Первым порывом было свернуть к тараканам ее тонкую шею, но я вовремя остановилась. Наверняка она этого от меня и ждала. Чтобы избавиться от возможной соперницы.

— Смотри, как бы тебе самой в скором времени не оказаться в нижнем гареме. Танцуешь плохо, да и наставница из тебя, как из лопушка седло, — я бросила на нее придирчивый взгляд и наморщила носик. — И стареешь ты, чего говорить. Вон, и кожа уже в морщинах, и волосы редеют.

Признаться честно, последние замечания я попросту придумала, ведь в комнате было довольно темно. Тем не менее, мои слова вызвали нужный эффект. Амула взорвалась, как гнилая тыква, и едва не забрызгала меня скопившейся желчью.

Да я дама стойкая, натренированная годами выступлений с «Зефирками». Подумаешь, что мне будет от злых слов какой-то иномирной кикиморы. Утерлась и пошла дальше.

— Можешь передать мое решение своему Неруну! — прерывая поток брани несостоявшейся «наставницы», проронила я. — Не стану его наложницей.

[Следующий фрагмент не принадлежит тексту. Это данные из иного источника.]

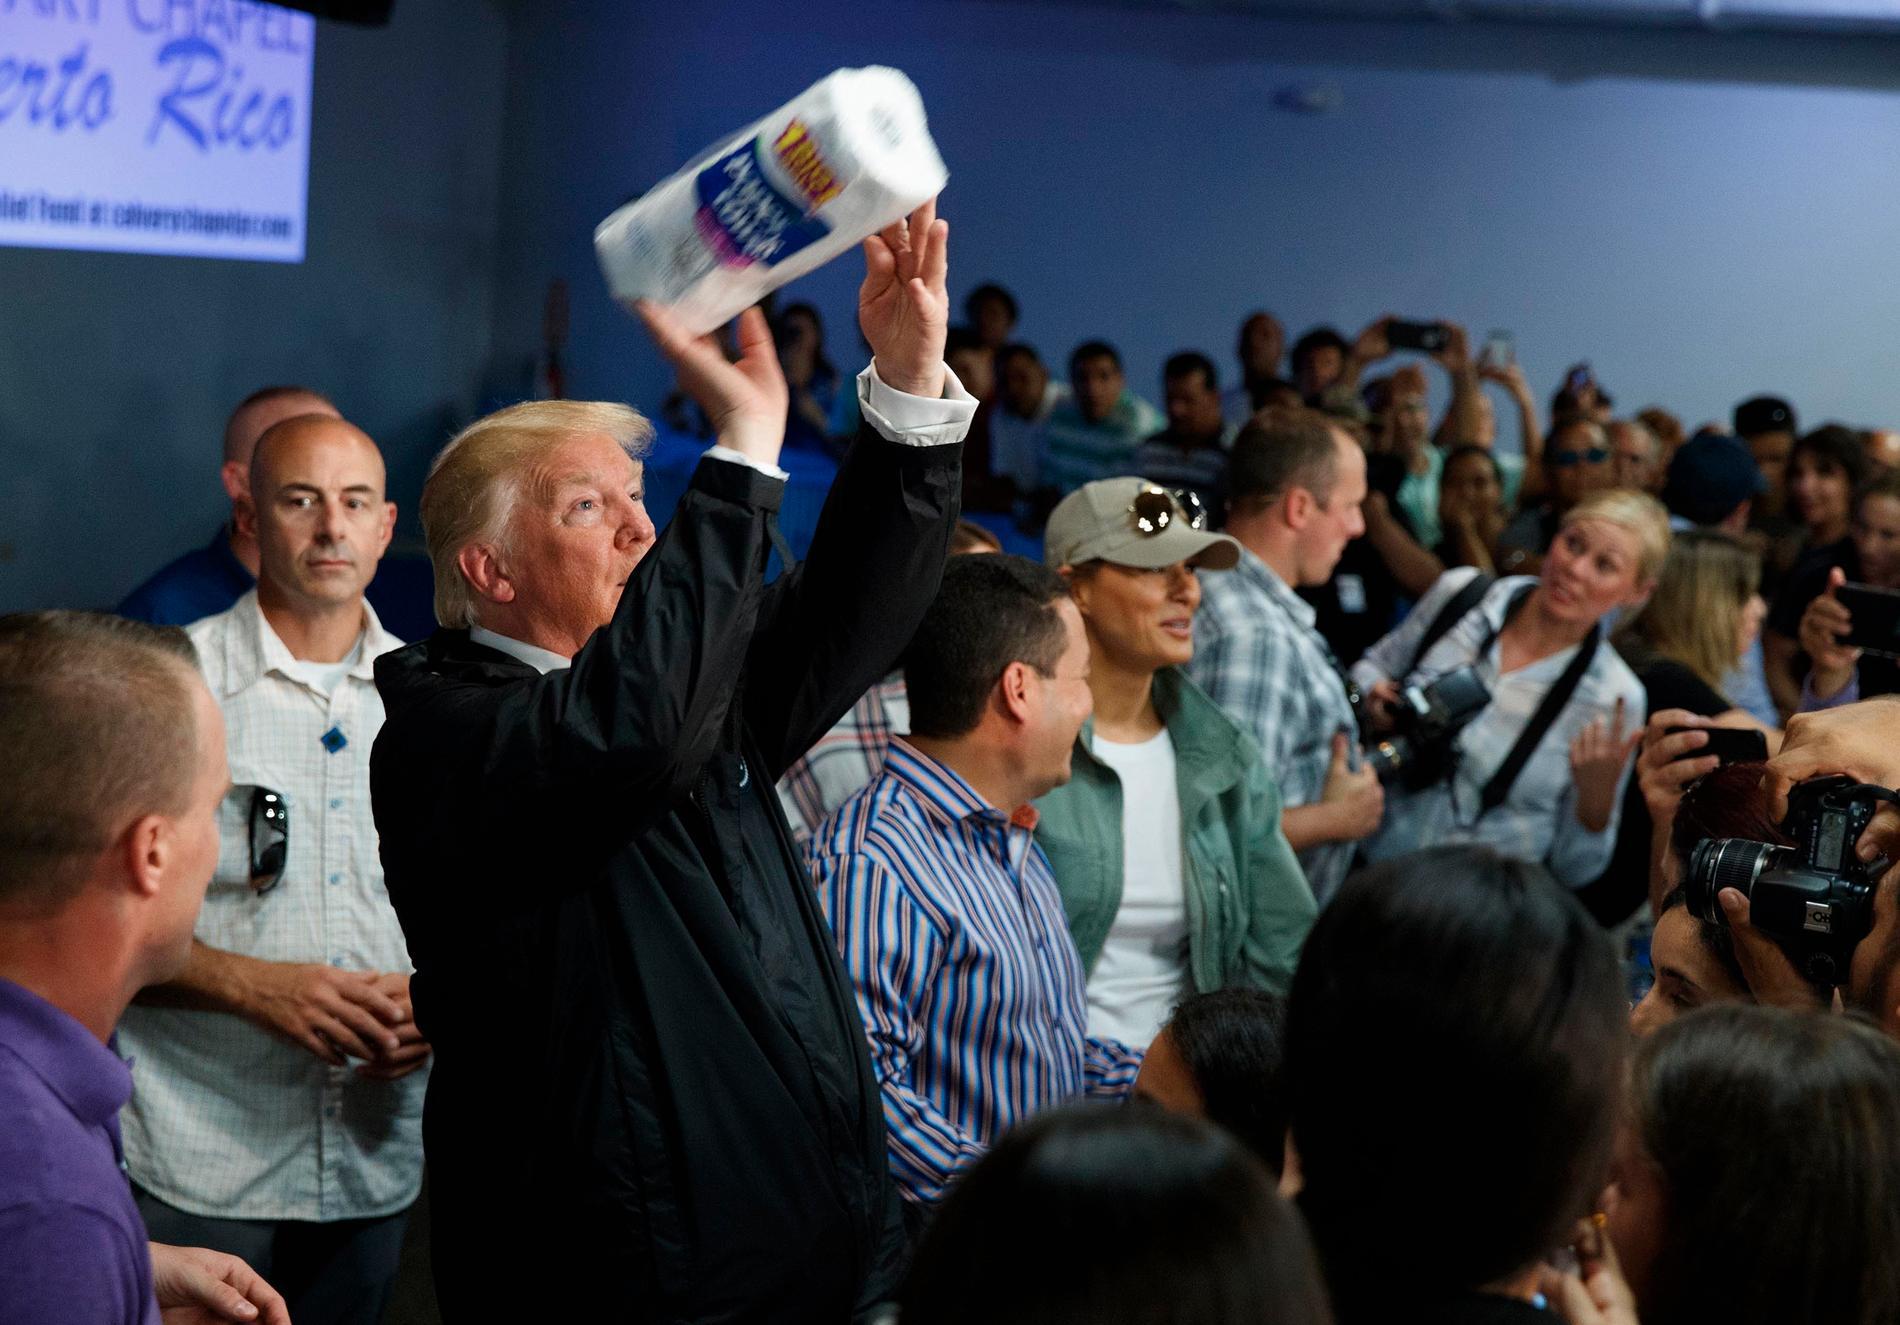 President Trump, här kastandes pappershanddukar till publiken, har fått utstå hård kritik för sitt agerande gentemot Puerto Rico. Både på plats och efter det att orkanerna lämnat området.

Красная от злости Амула накинула какую-то тряпку, по виду сильно смахивающую на шаль моей бабушки, и вылетела в коридор. Приказала скопцам позвать к ней ее помощниц. Сама же, полностью игнорируя мое присутствие, обиженно упала на диван и потянулась к кувшину. Судя по всему, там находился какой-то крепкий напиток, способный развеять женскую тоску и утопить злобу.

— Между прочим, от алкоголя портится кожа, — подметила я. — А от злости появляются новые морщины.

Амула поджала губки, налила новую порцию горячительного. Я уныло покосилась на нее: мне бы тоже не помещало — в качестве успокоительного. Но просить эту даму об услуге — все равно, что собирать воду в решето. Никакого проку.

— Жадина! — буркнула я.

Вскоре в будуар местной «царицы гарема» явились три помощницы в сопровождении служанок и скопцов. Последние учтиво поклонились Амуле и замерли возле входа. Силясь сохранить приличия, старательно отводили от меня взгляды, но я-то видела, что их пробирает любопытство.

У одной из помощниц, той, что в длинной юбке из соломы и массивном золотом ожерелье, даже глаз задергался. Видать, нервный тик одолел.

— Холодный компрес положи, — посоветовала я. — Помогает.

Чуть было не сплюнула через левое плечо, чтоб эта варварка меня не сглазила, и только в последний момент узнала в девушке Ка. Ох, и изменилась она за сезон дождей.

— Ничего себе!.. — вырвалось у меня.

Волосы Ка обстригли «под горшок» и выкрасили в рыжий цвет, на лицо наложили искусный макияж, особенно подчеркнув и без того огромные глаза. В диковинном наряде, обновленная и довольная жизнью, моя «сестренка» походила на египетскую царевну.

Я улыбнулась ей и не стала показывать, в каком затруднительном положении нахожусь. На большее не решилась: Амула и так смотрела на нас злобным кулем.

— Эта варварка утверждает, будто сможет отказать Неруну, — ехидно произнесла она. — Что ж, я дам ей такой шанс. Приготовьте ее к встрече с господином и сообщите ему, что сегодня его ждет укрощение строптивицы. Он любит такие забавы.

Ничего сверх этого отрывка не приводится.